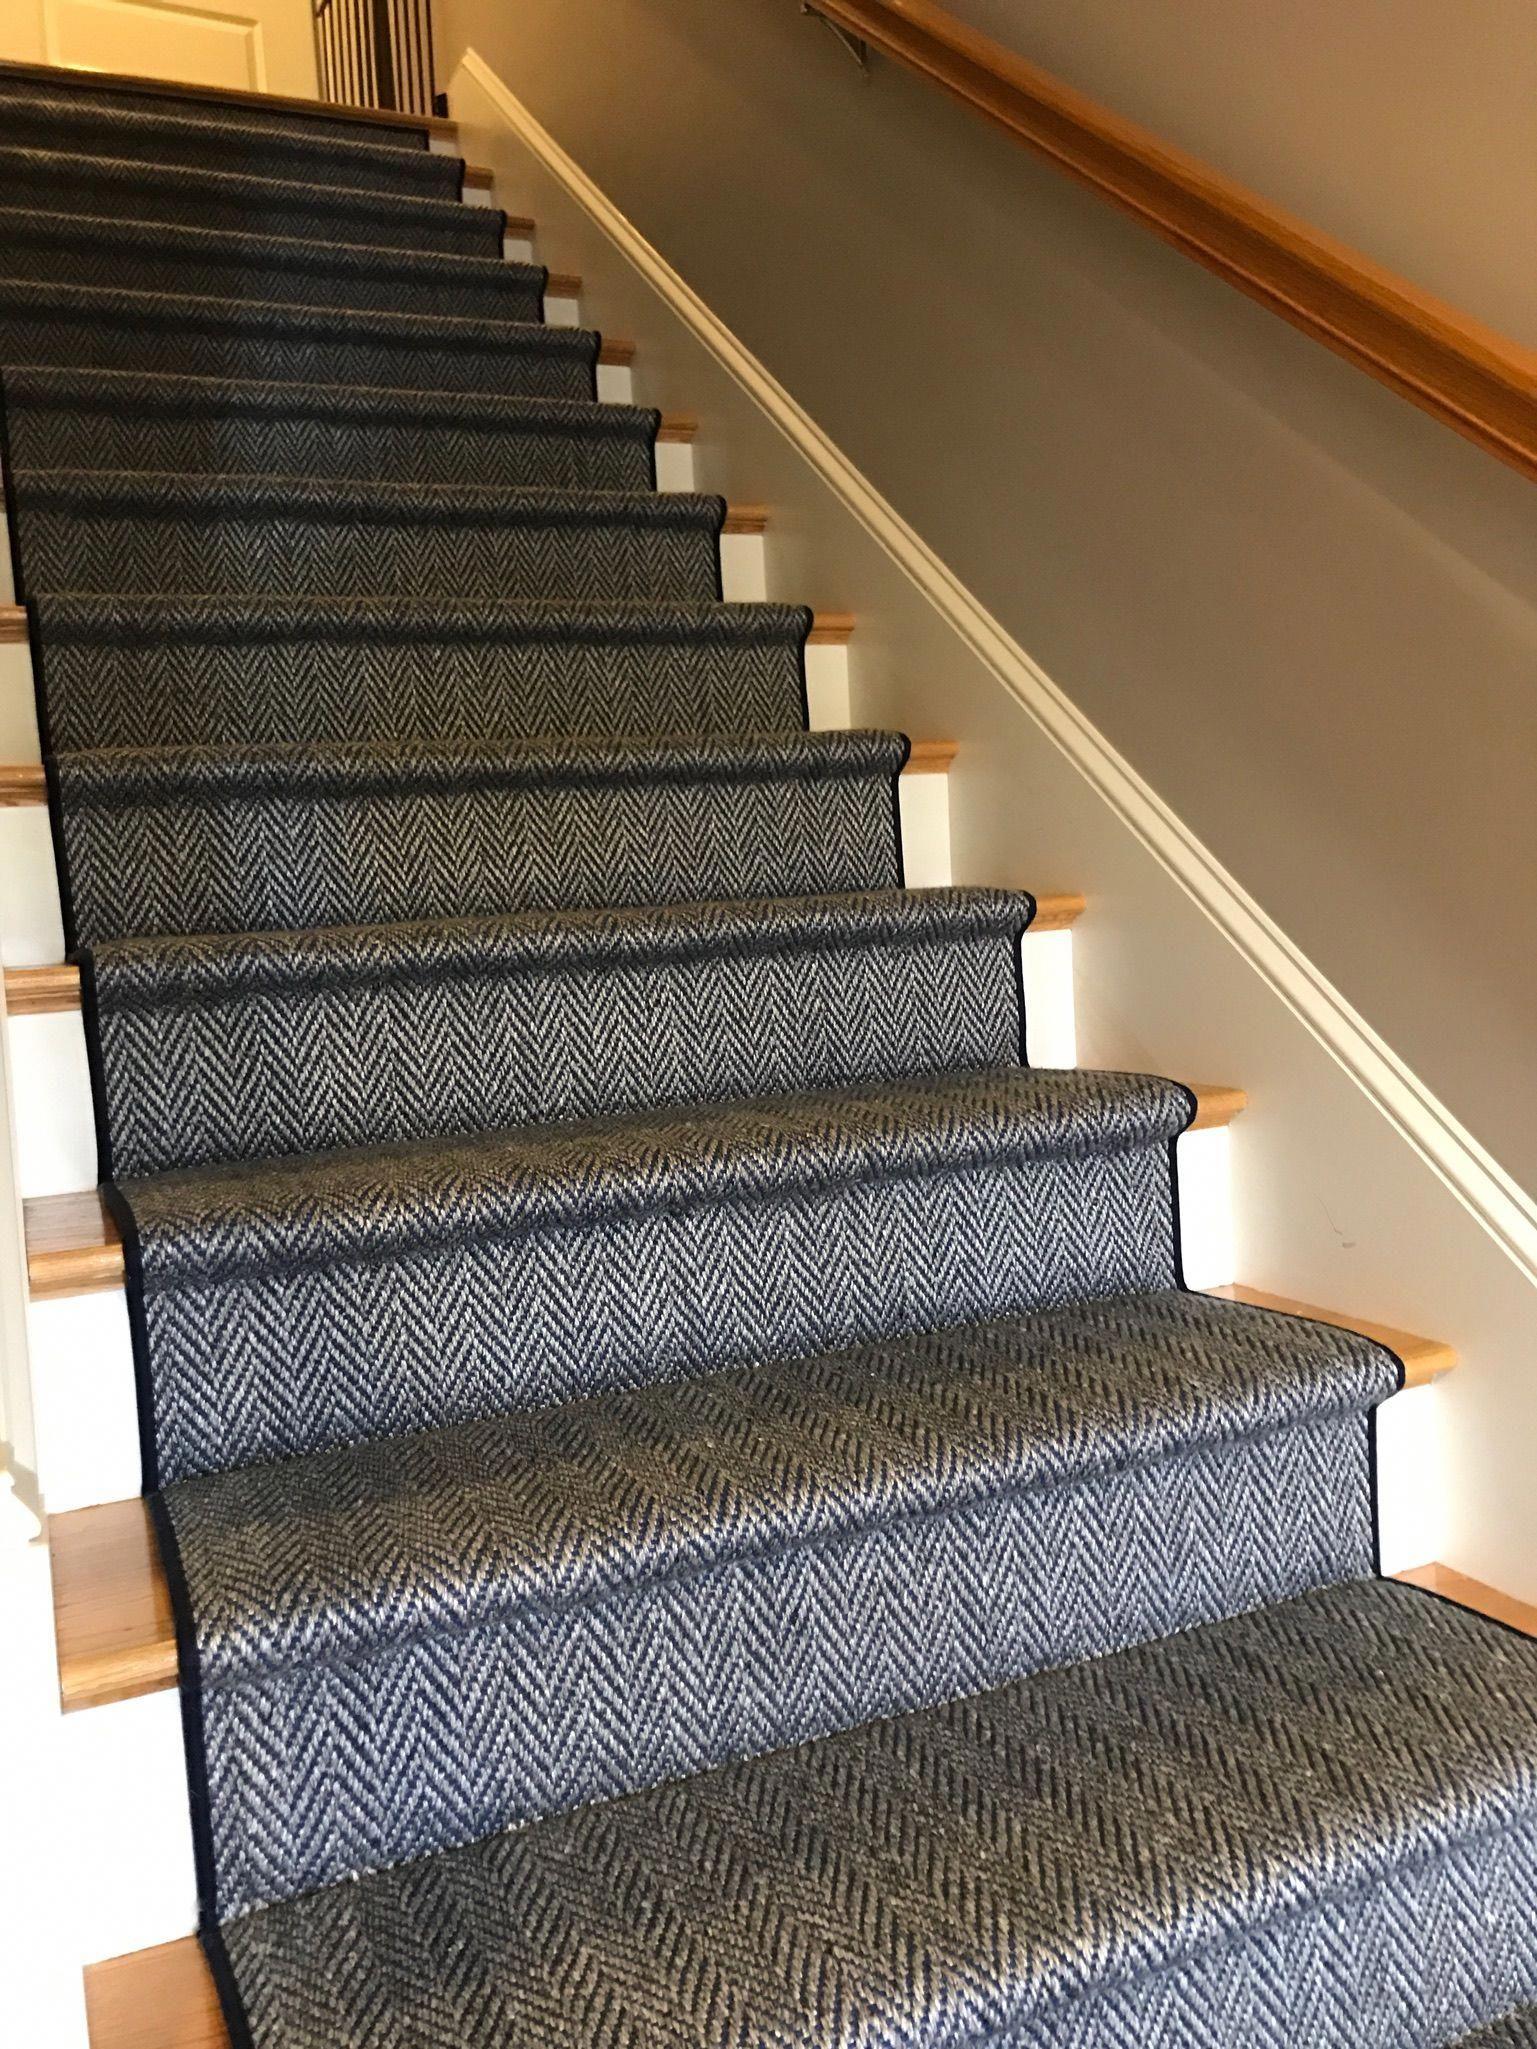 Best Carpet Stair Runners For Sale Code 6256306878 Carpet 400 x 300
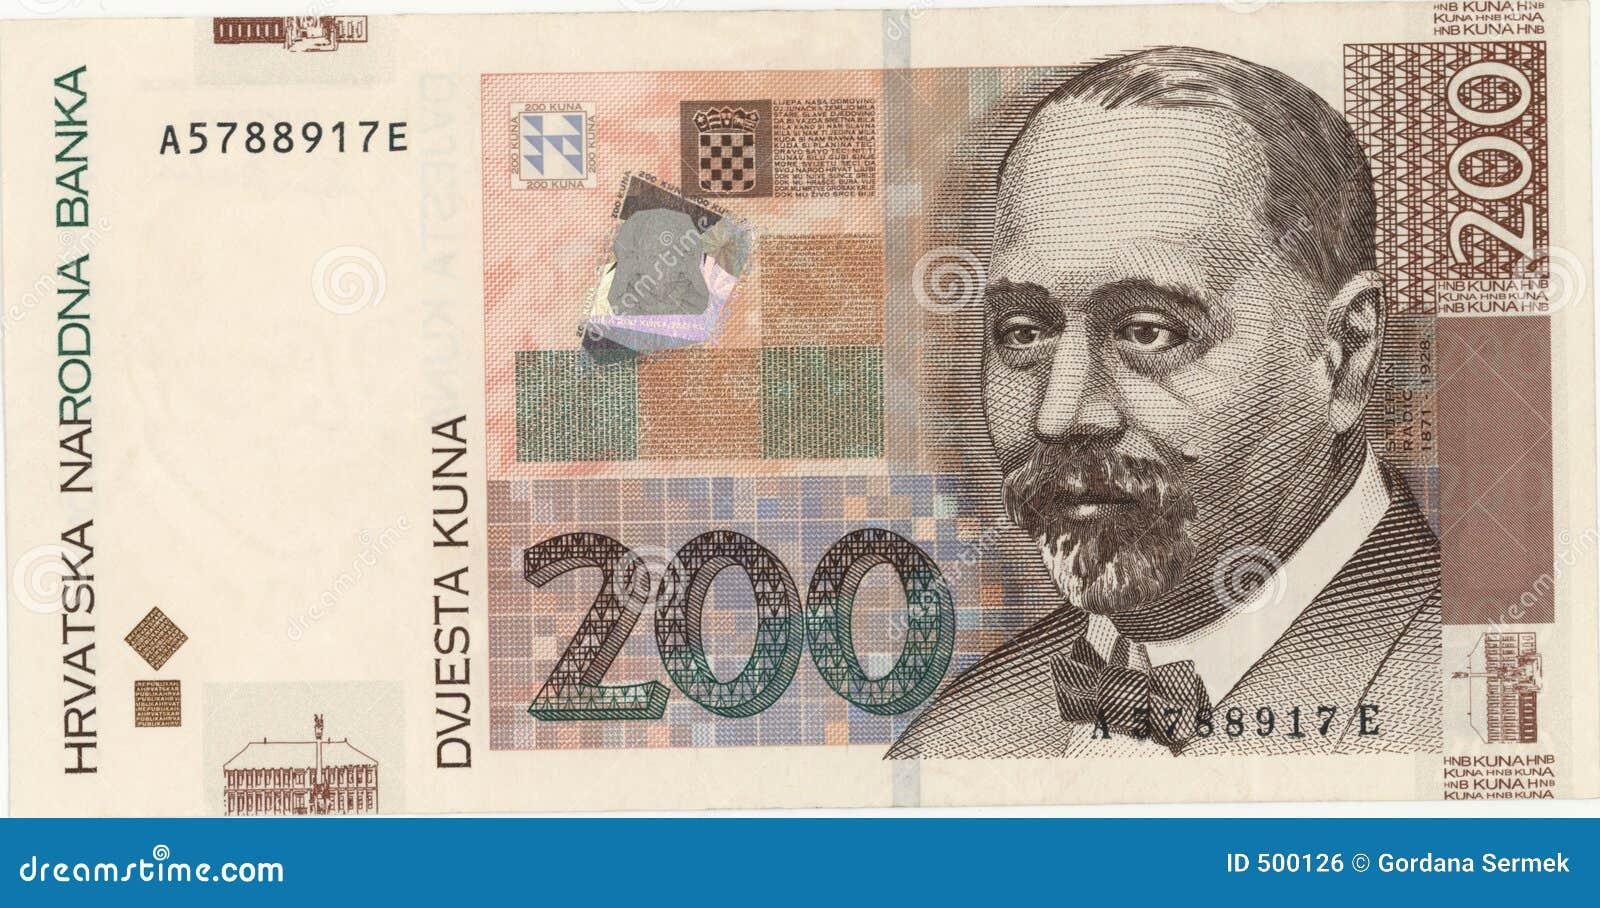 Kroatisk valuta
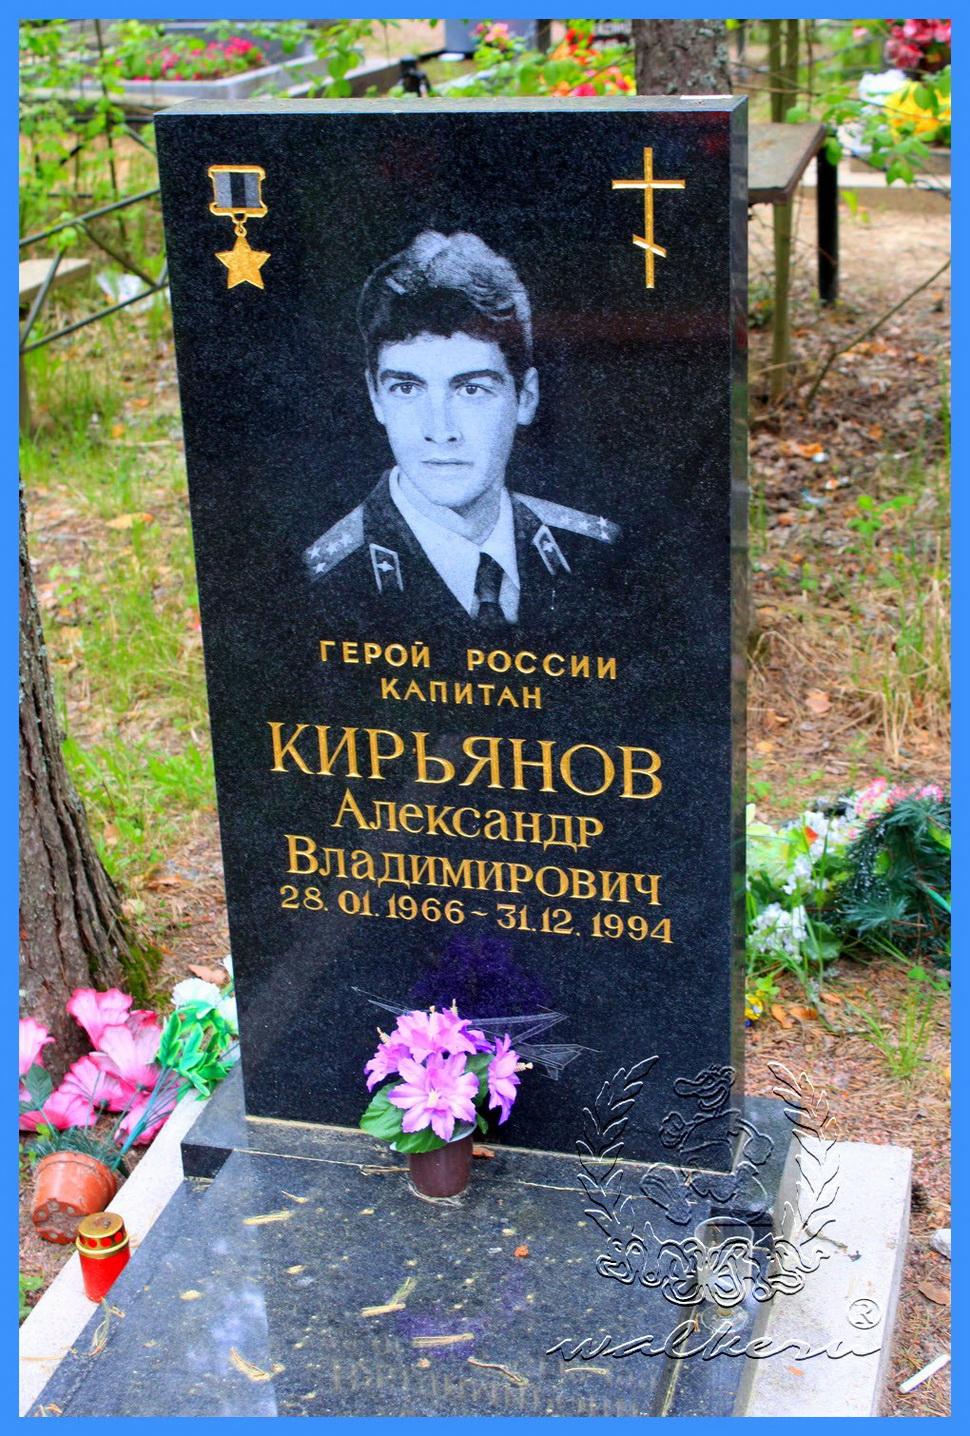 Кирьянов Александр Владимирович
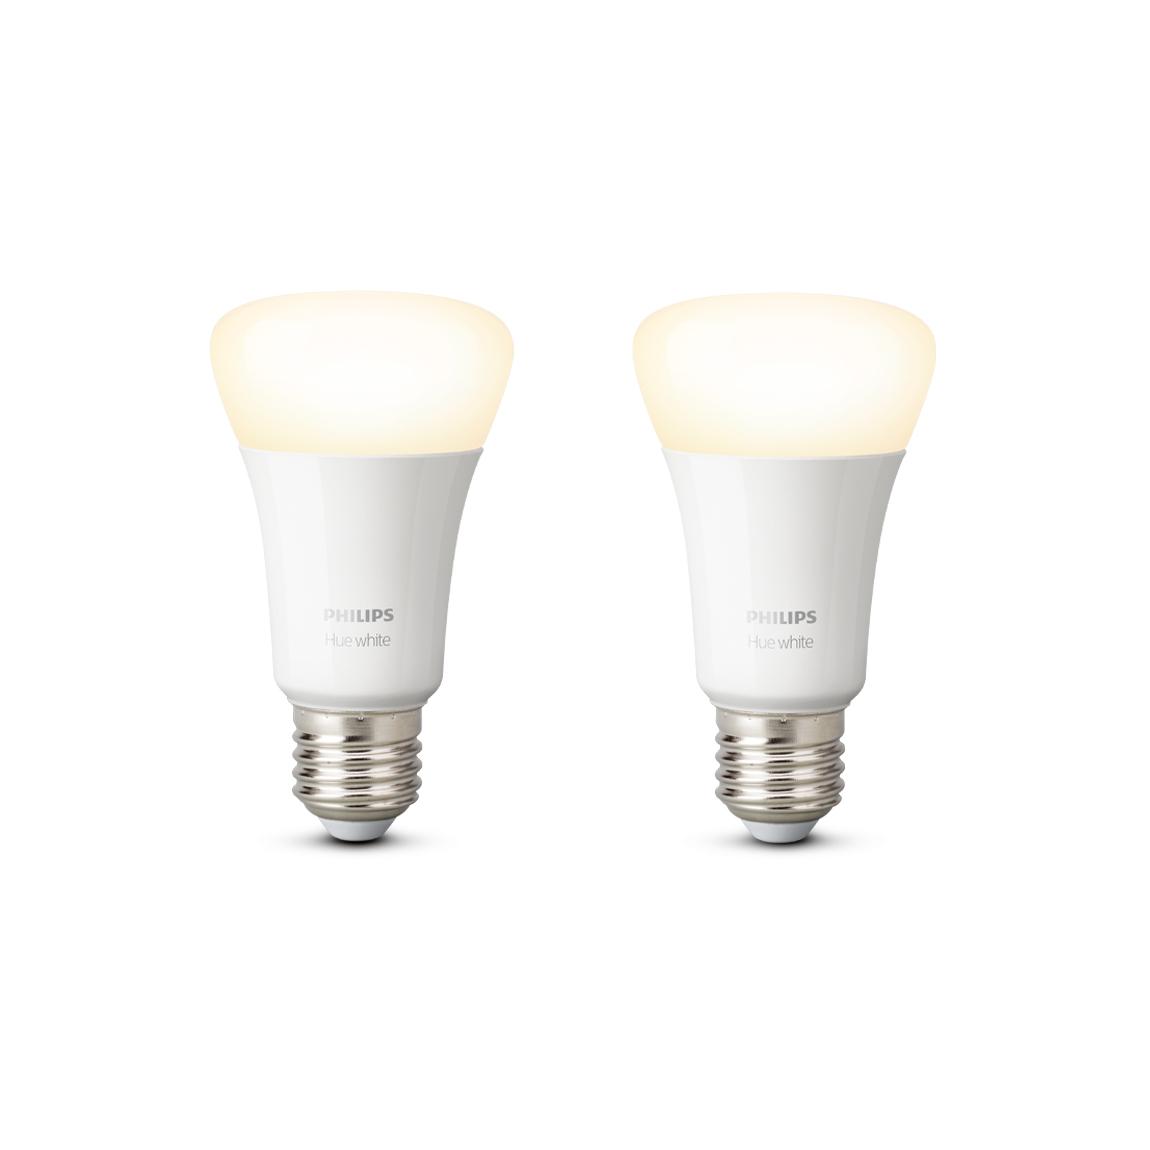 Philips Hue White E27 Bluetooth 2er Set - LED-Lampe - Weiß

------------------------------------------------

> **Exercise goal**:
Wherever a picture appears, omit it; copy the rest of the data exactly.

> **Response box**:
 Best Carpet Stair Runners For Sale Code 6256306878 Carpet 400 x 300
 Kroatisk valuta
 Кирьянов Александр Владимирович
 Philips Hue White E27 Bluetooth 2er Set - LED-Lampe - Weiß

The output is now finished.